**RAW DATA**

=== Begin Enclosure ===

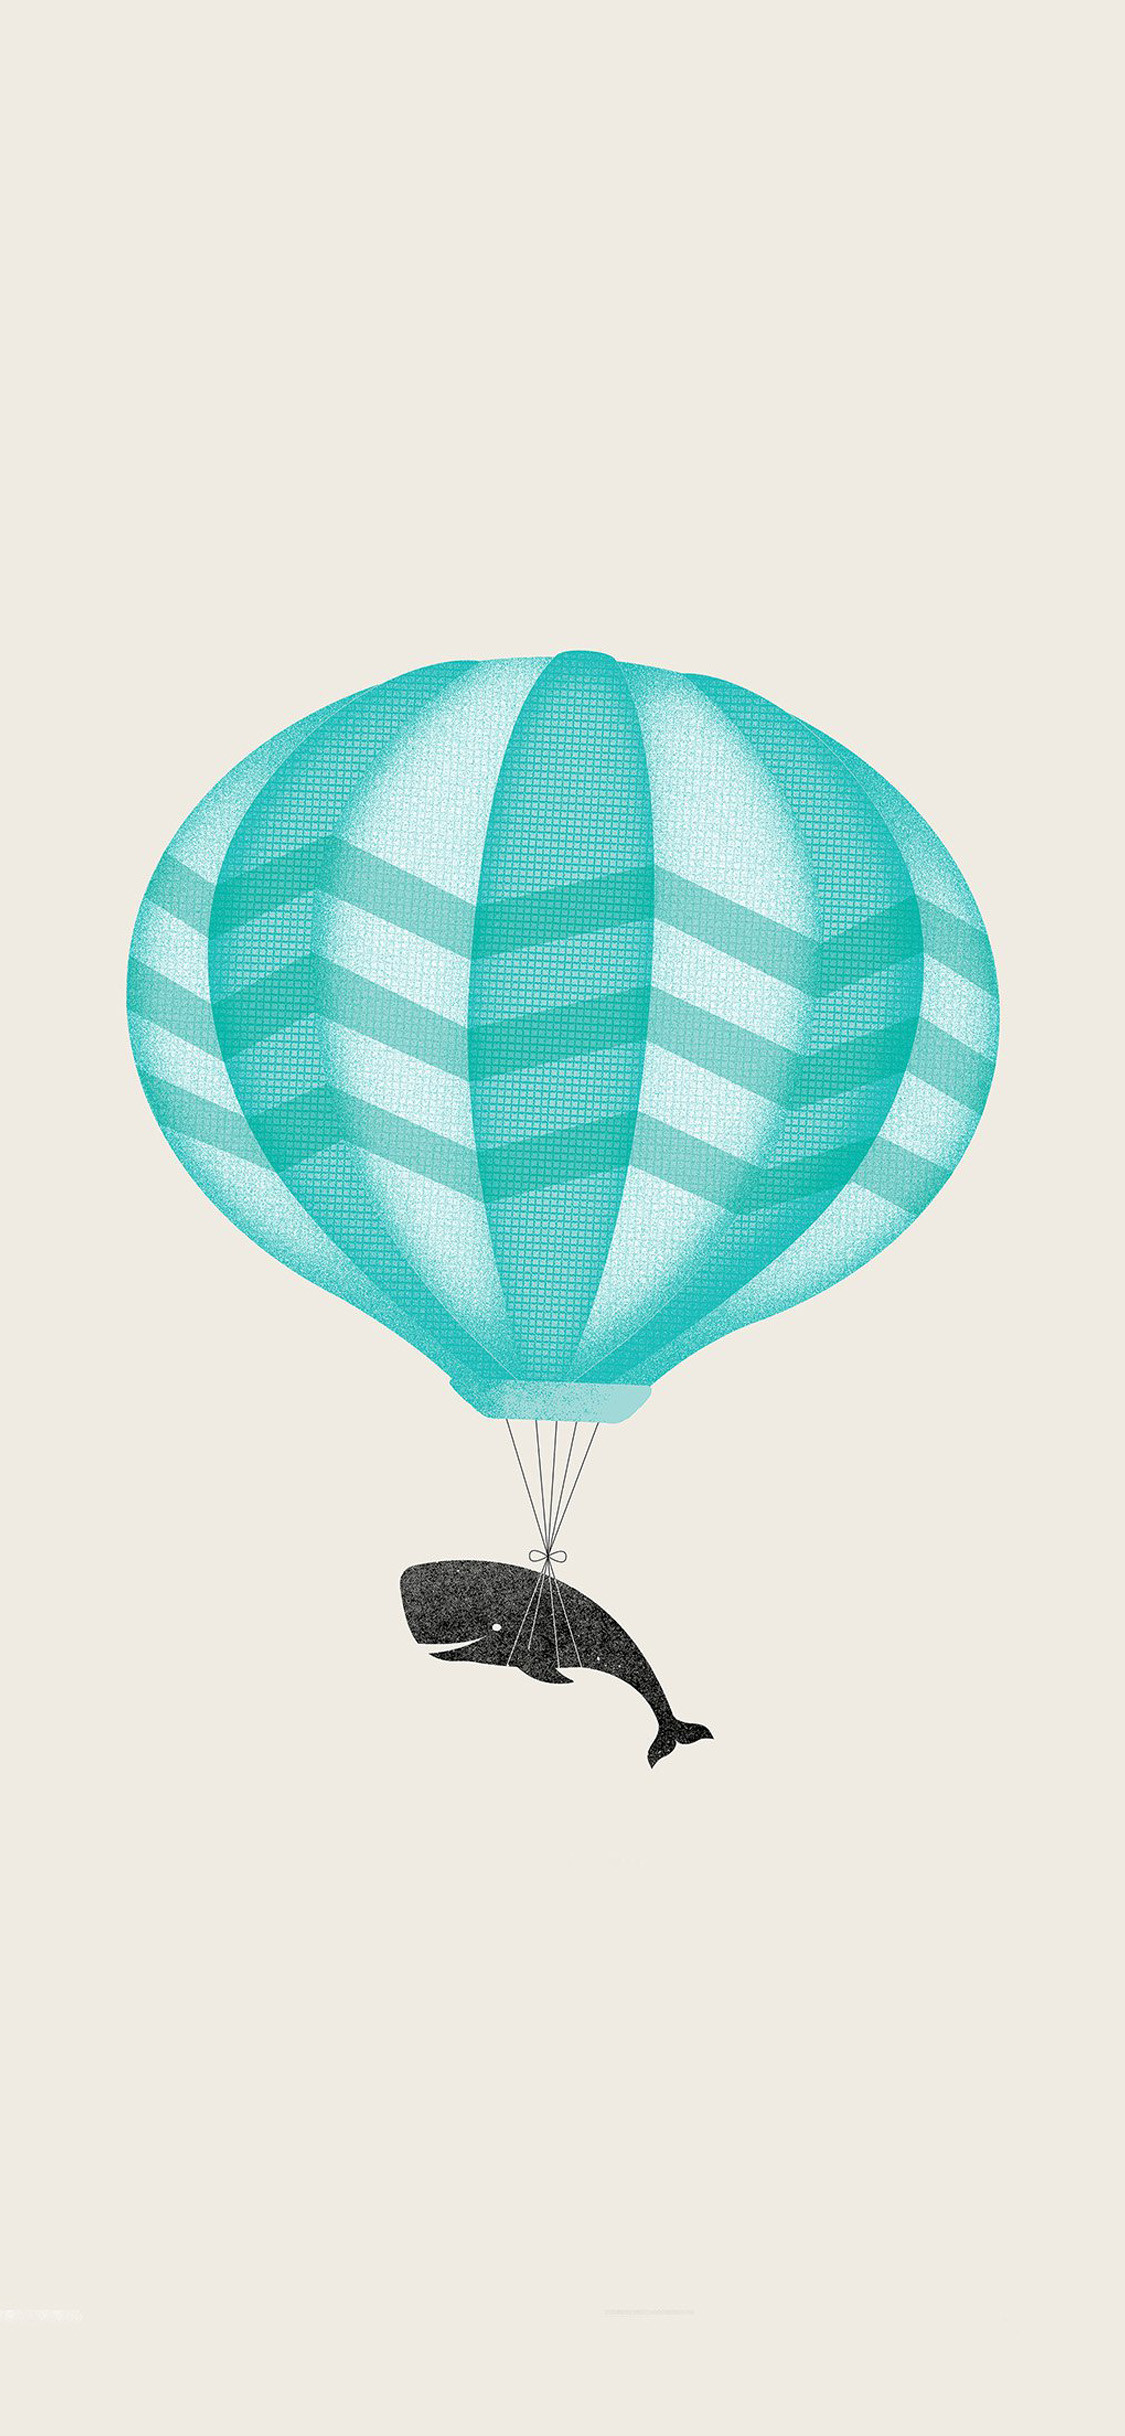 1125x2436 Cute whale balloon illustration iPhone 8 Wallpaper
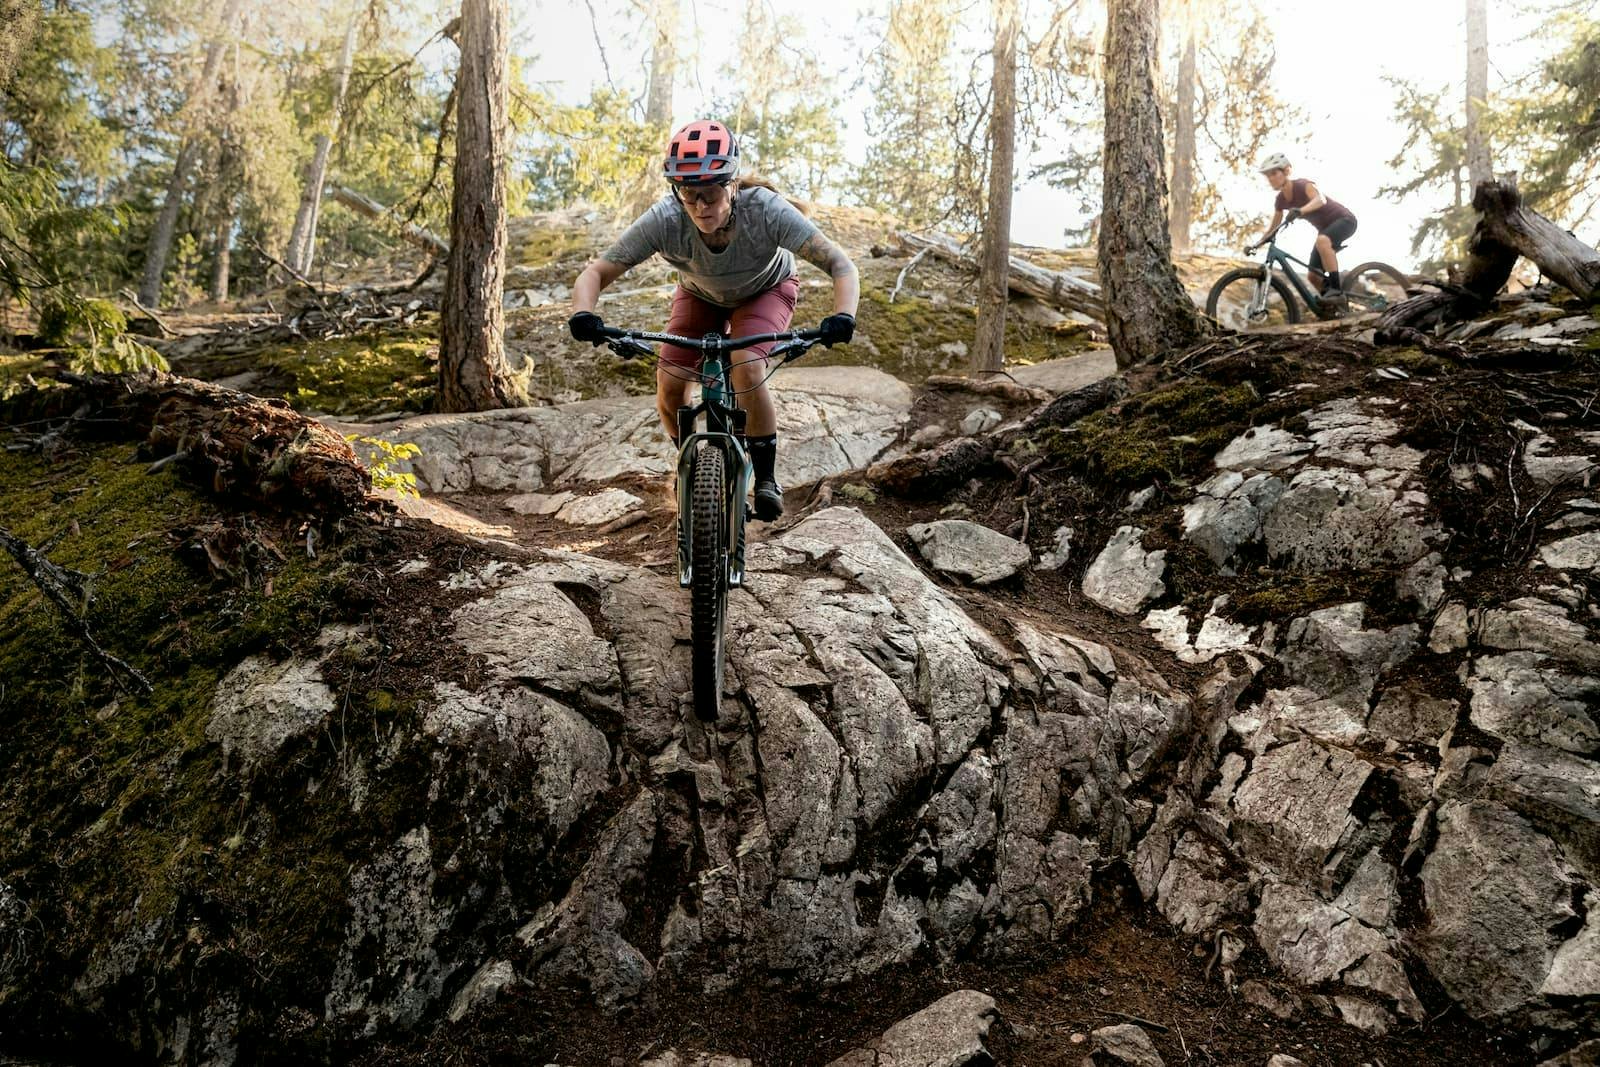 Mountain biker - Sarah Leishman descending through the forest on a rocky trail
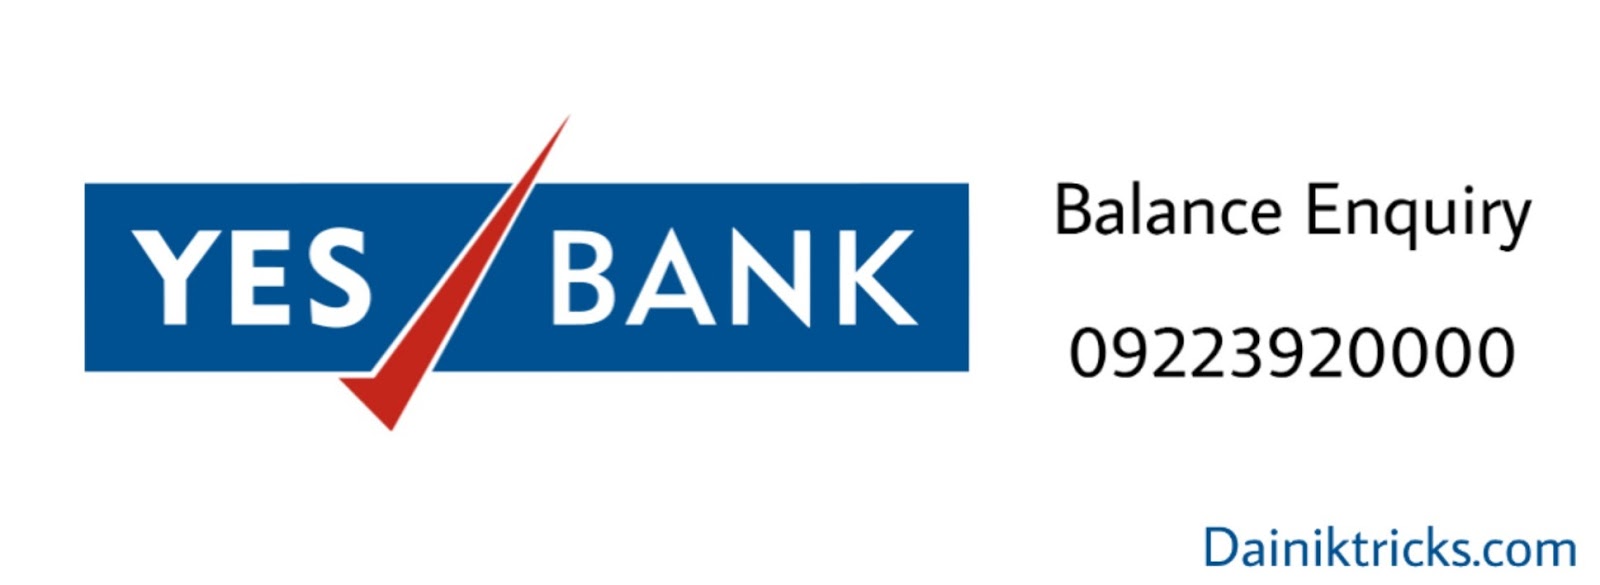 T me aged bank. Yes Bank. Логотип несуществующего банка.

=== End Enclosure ===

**WHAT TO PRODUCE**
Text only, please: give the listing again word for word with no images.

**WRITTEN SOLUTION**
 1125x2436 Cute whale balloon illustration iPhone 8 Wallpaper
 Mountain biker - Sarah Leishman descending through the forest on a rocky trail
 T me aged bank. Yes Bank. Логотип несуществующего банка.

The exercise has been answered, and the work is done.